Learn
Data Cleaning in R
Diagnose the Data

We often describe data that is easy to analyze and visualize as “tidy data”. What does it mean to have tidy data?

For data to be tidy, it must have:

• Each variable as a separate column
• Each row as a separate observation

For example, we would want to reshape a table like:

Account Checkings Savings
“12456543” 8500 8900
“12283942” 6410 8020
“12839485” 78000 92000

Into a table that looks more like:

Account Account Type Amount
“12456543” “Checking” 8500
“12456543” “Savings” 8900
“12283942” “Checking” 6410
“12283942” “Savings” 8020
“12839485” “Checking” 78000
“12839485” “Savings” 920000

The first step of diagnosing whether or not a dataset is tidy is using base R and dplyr functions to explore and probe the dataset.

You’ve seen most of the functions we often use to diagnose a dataset for cleaning. Some of the most useful ones are:

• `head()` — display the first 6 rows of the table
• `summary()` — display the summary statistics of the table
• `colnames()` — display the column names of the table

### Instructions

1.

Provided in `notebook.Rmd` are two data frames, `grocery_1` and `grocery_2`.
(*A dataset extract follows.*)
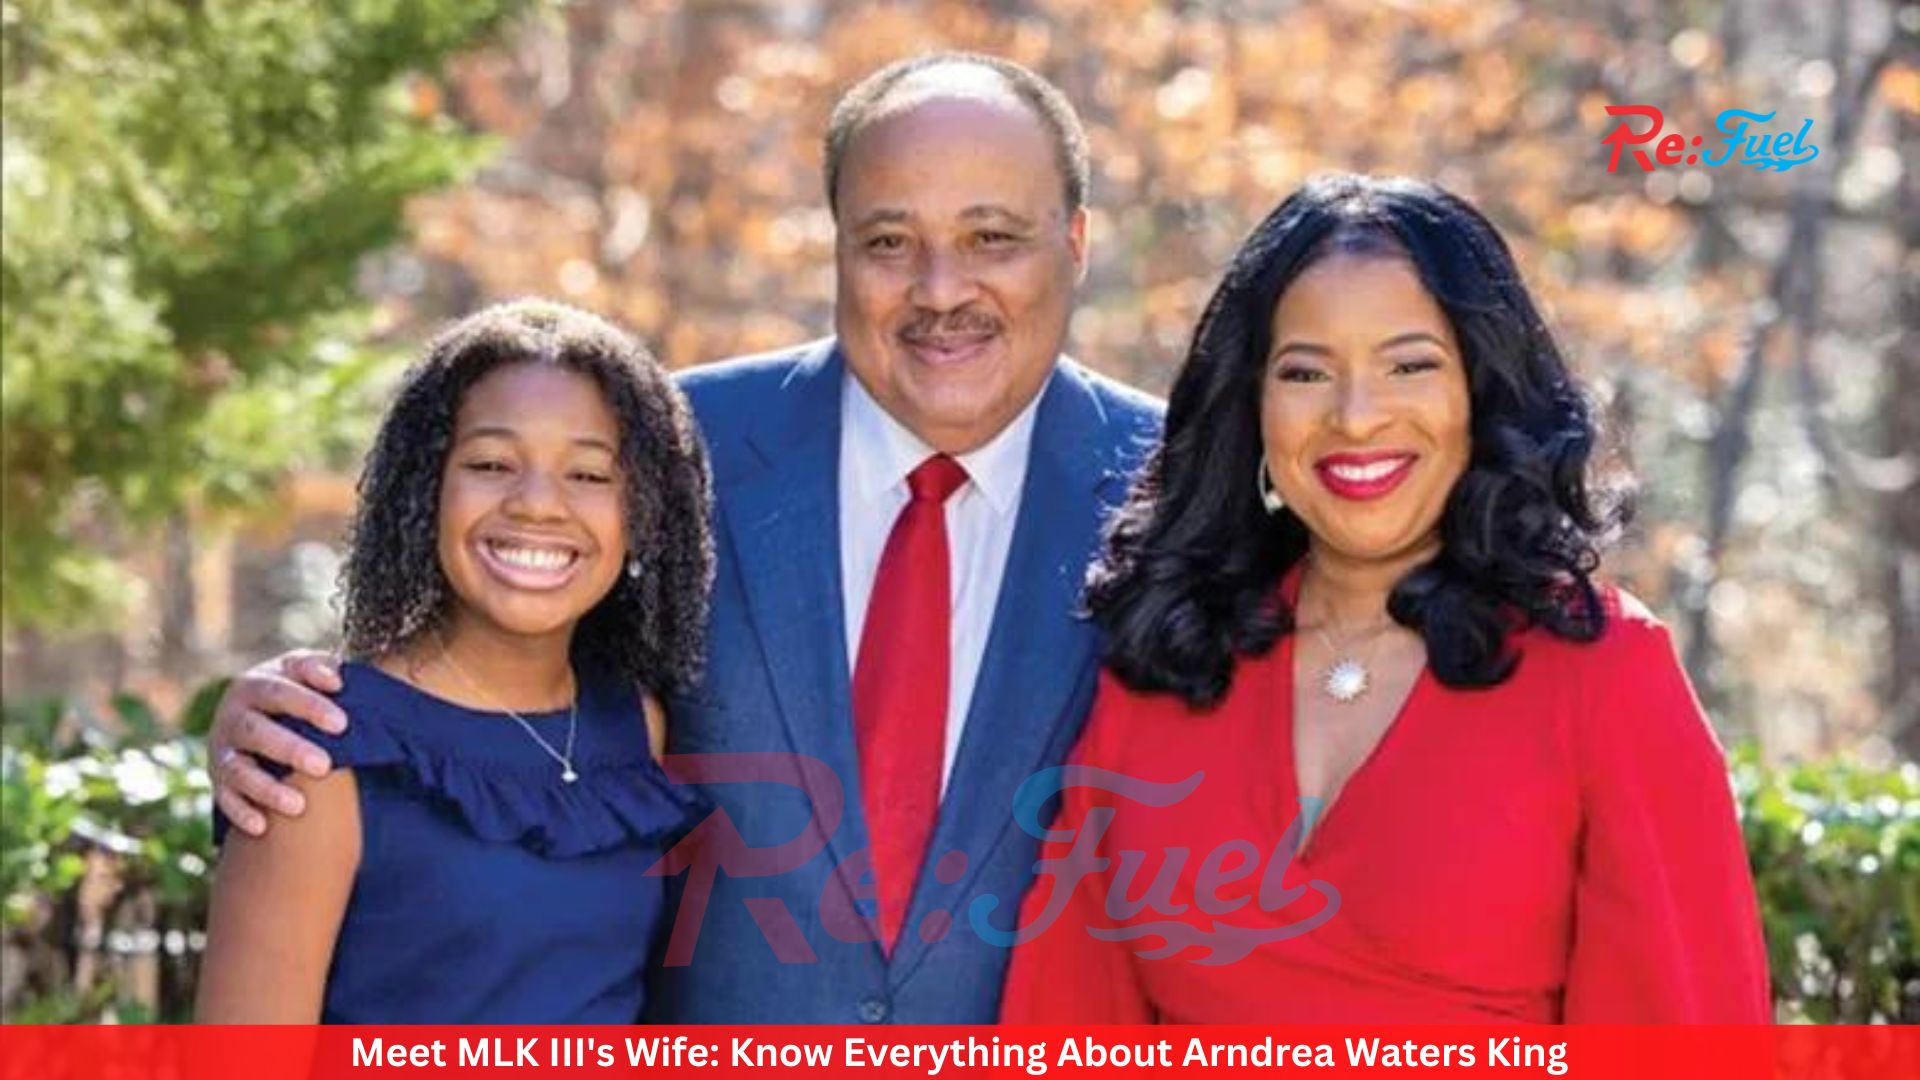 Meet MLK III's Wife: Know Everything About Arndrea Waters King

Begin by viewing the `head()` of both `grocery_1` and `grocery_2`.

2.

Explore the data frames using the other functions listed.

Which data frame is “clean”, tidy, and ready for analysis? Create a variable named `clean_data_frame` and assign it the value `1` if `grocery_1` is a clean and tidy data frame or `2` if `grocery_2` is a clean and tidy data frame.